→ Aim of the task:
Could you retype every line below exactly, omitting the images?

→ Supplied data:
[Start of Attachment]
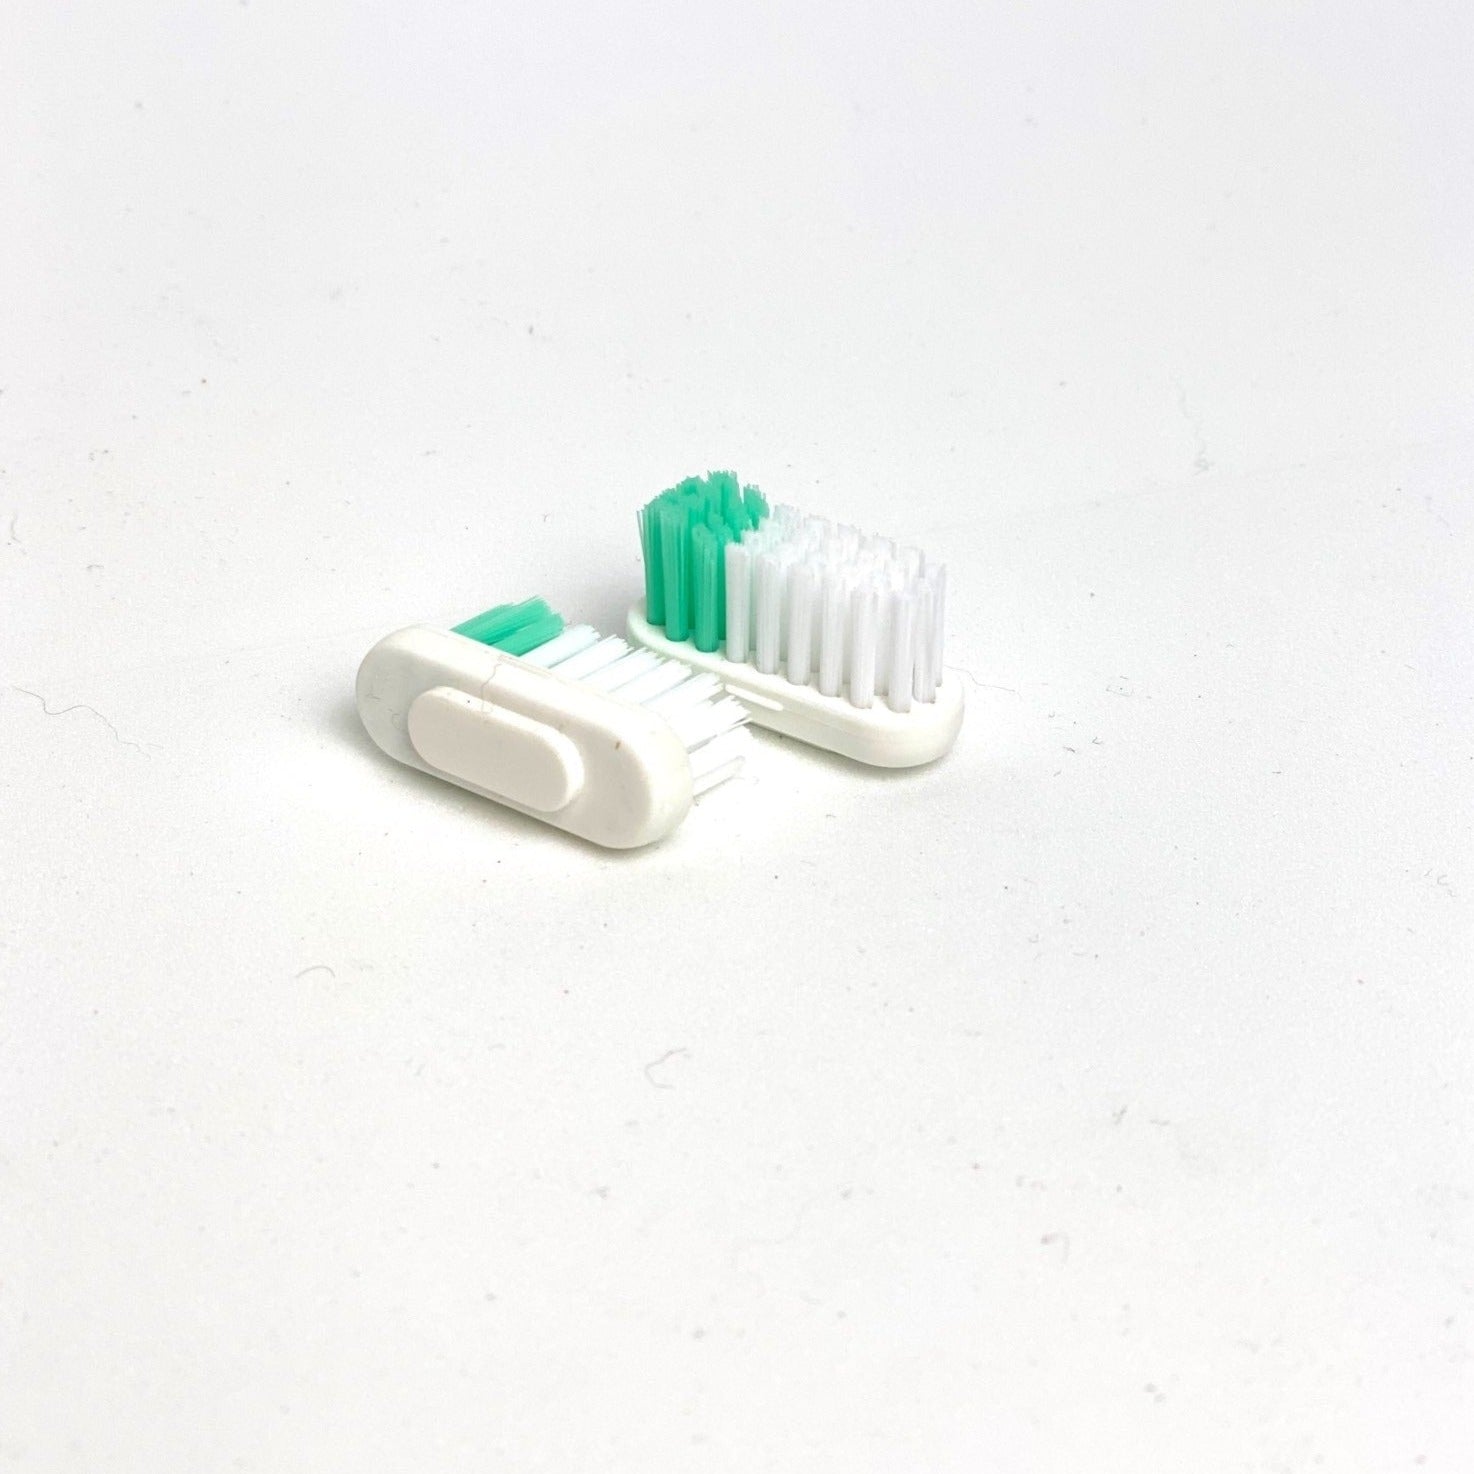 Cabezales de recambio cepillo dental, Lamazuna
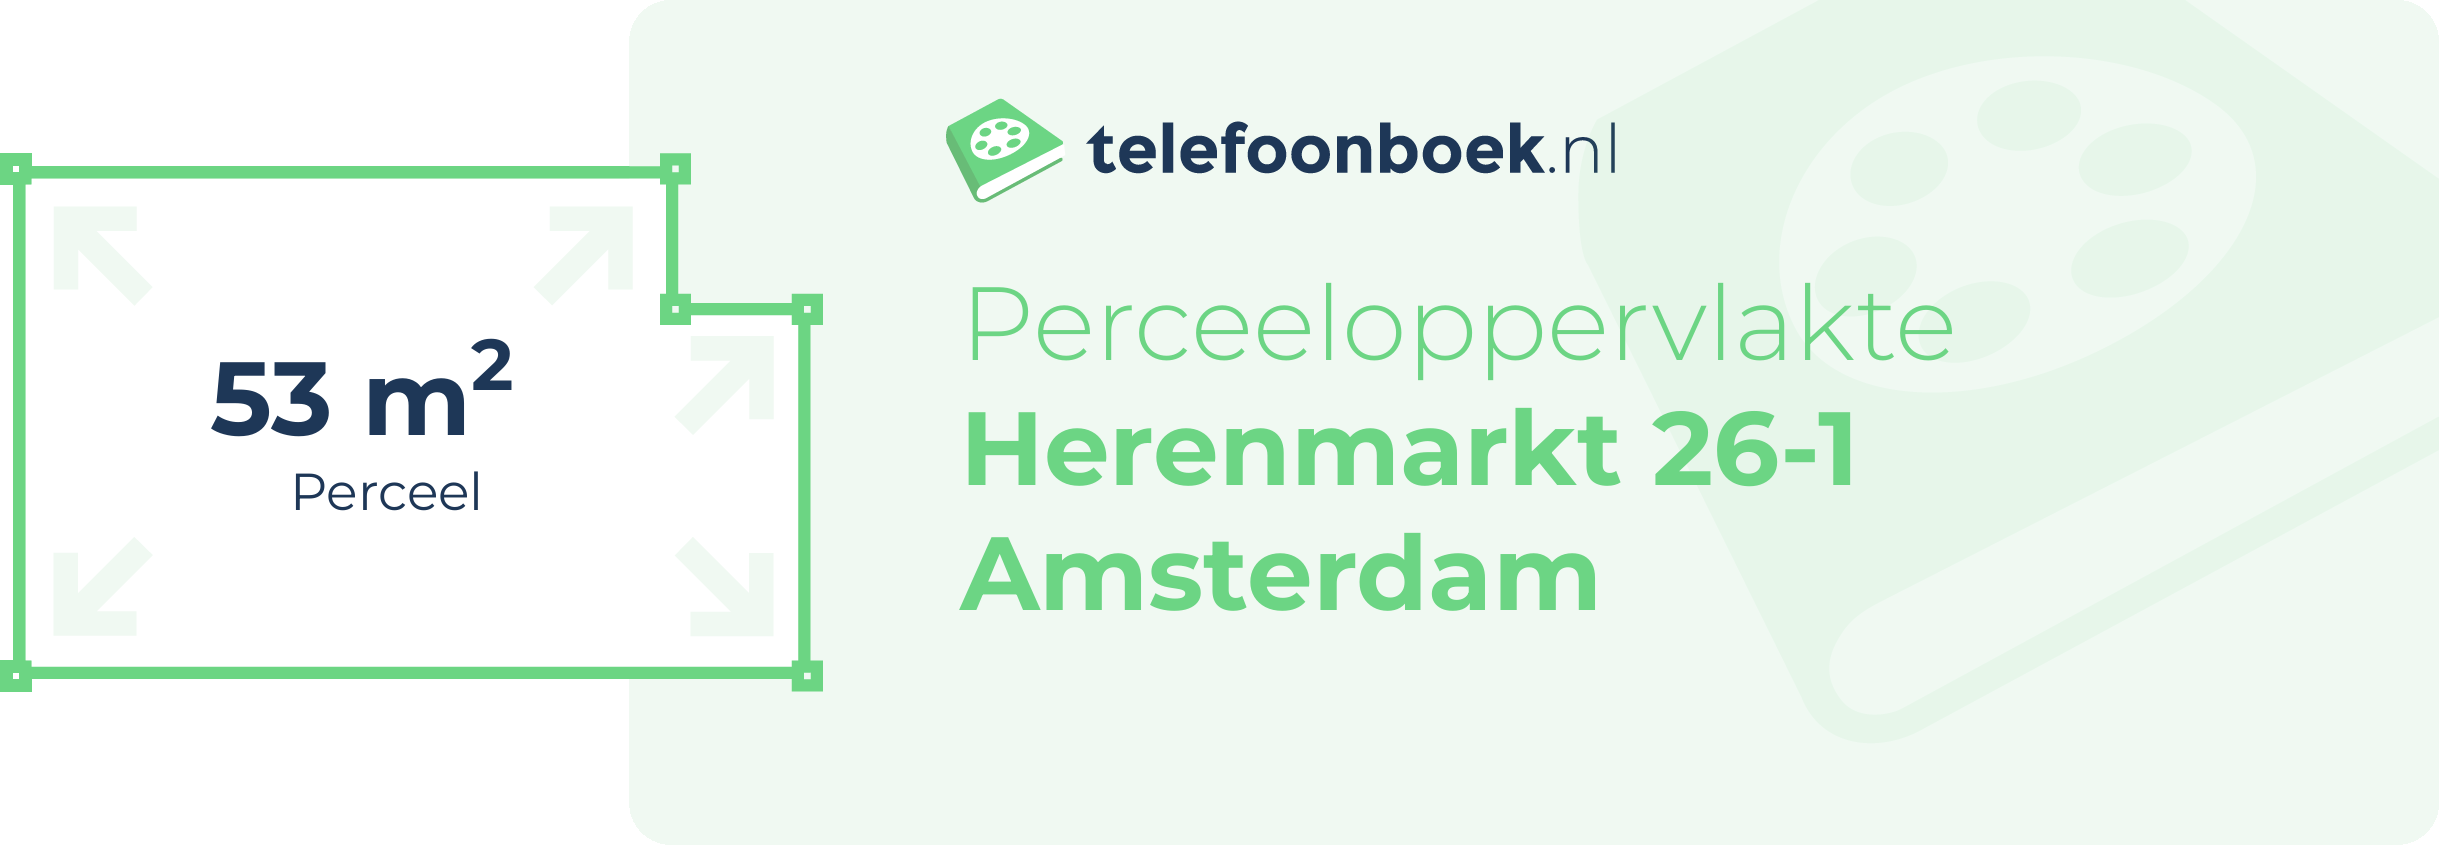 Perceeloppervlakte Herenmarkt 26-1 Amsterdam
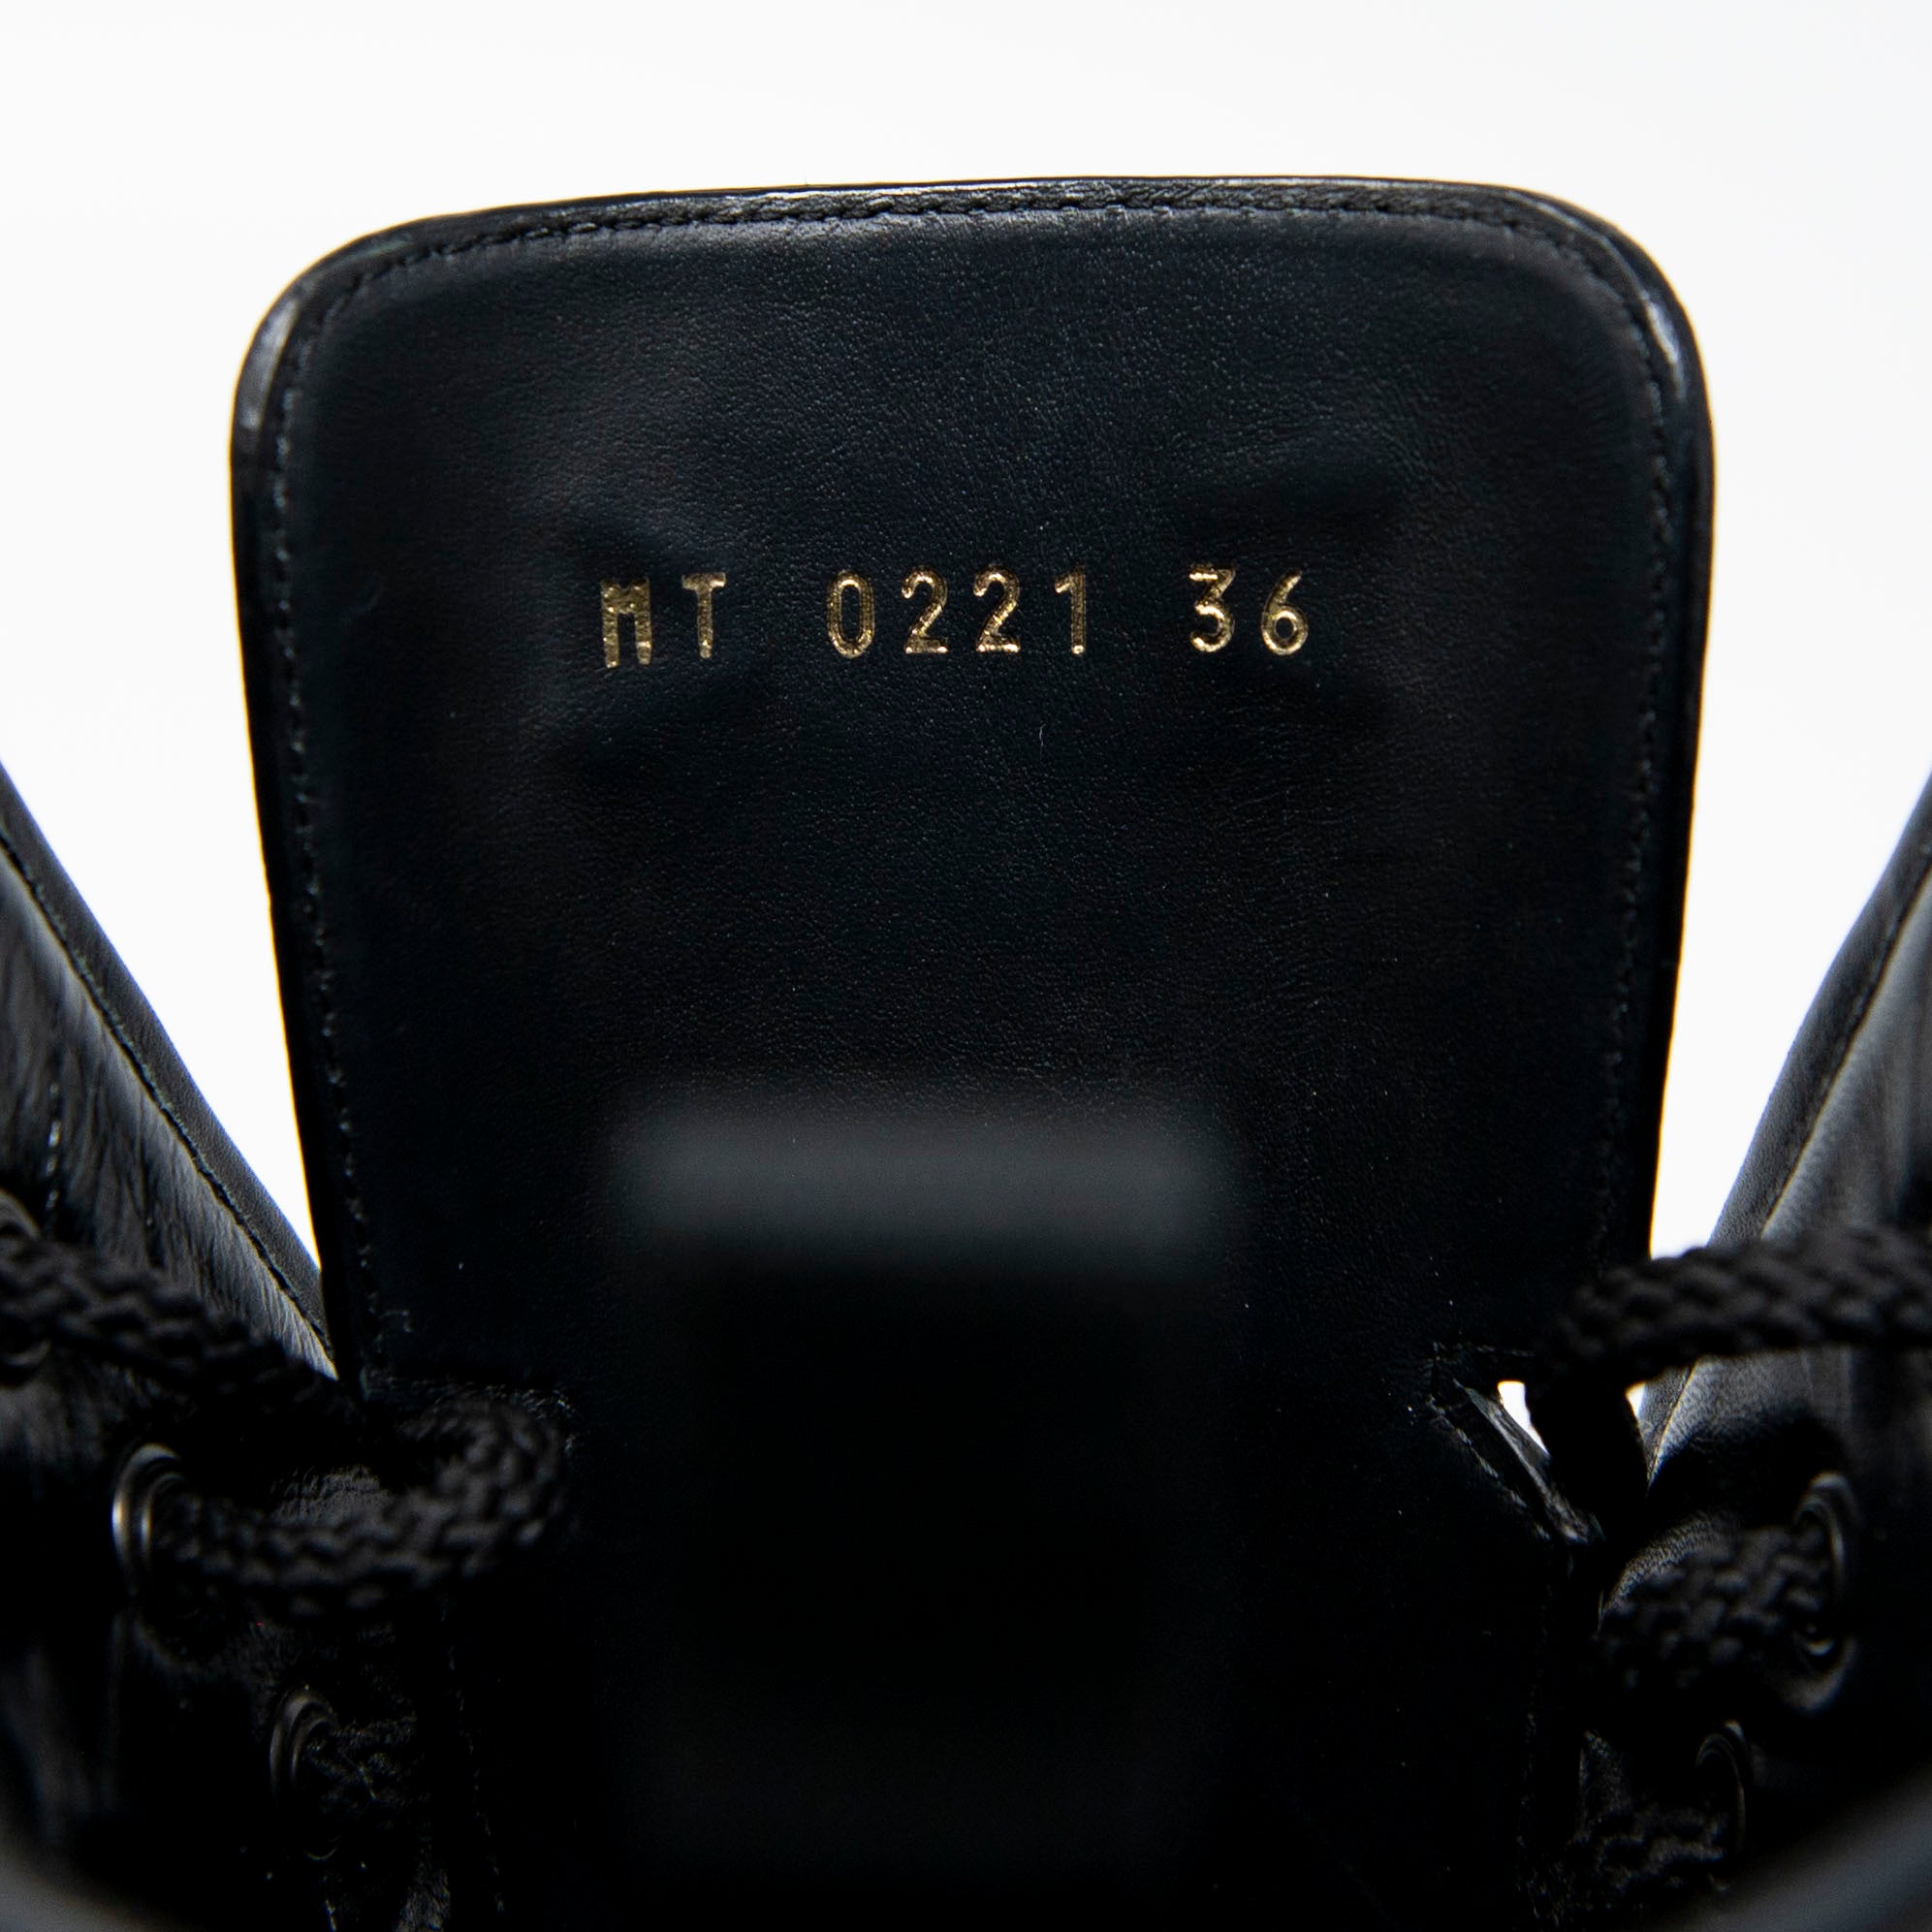 Dior Black D-Major Ankle Boots 36
[End of Attachment]
→ Expected answer:
 Cabezales de recambio cepillo dental, Lamazuna
 Perceeloppervlakte Herenmarkt 26-1 Amsterdam
 Dior Black D-Major Ankle Boots 36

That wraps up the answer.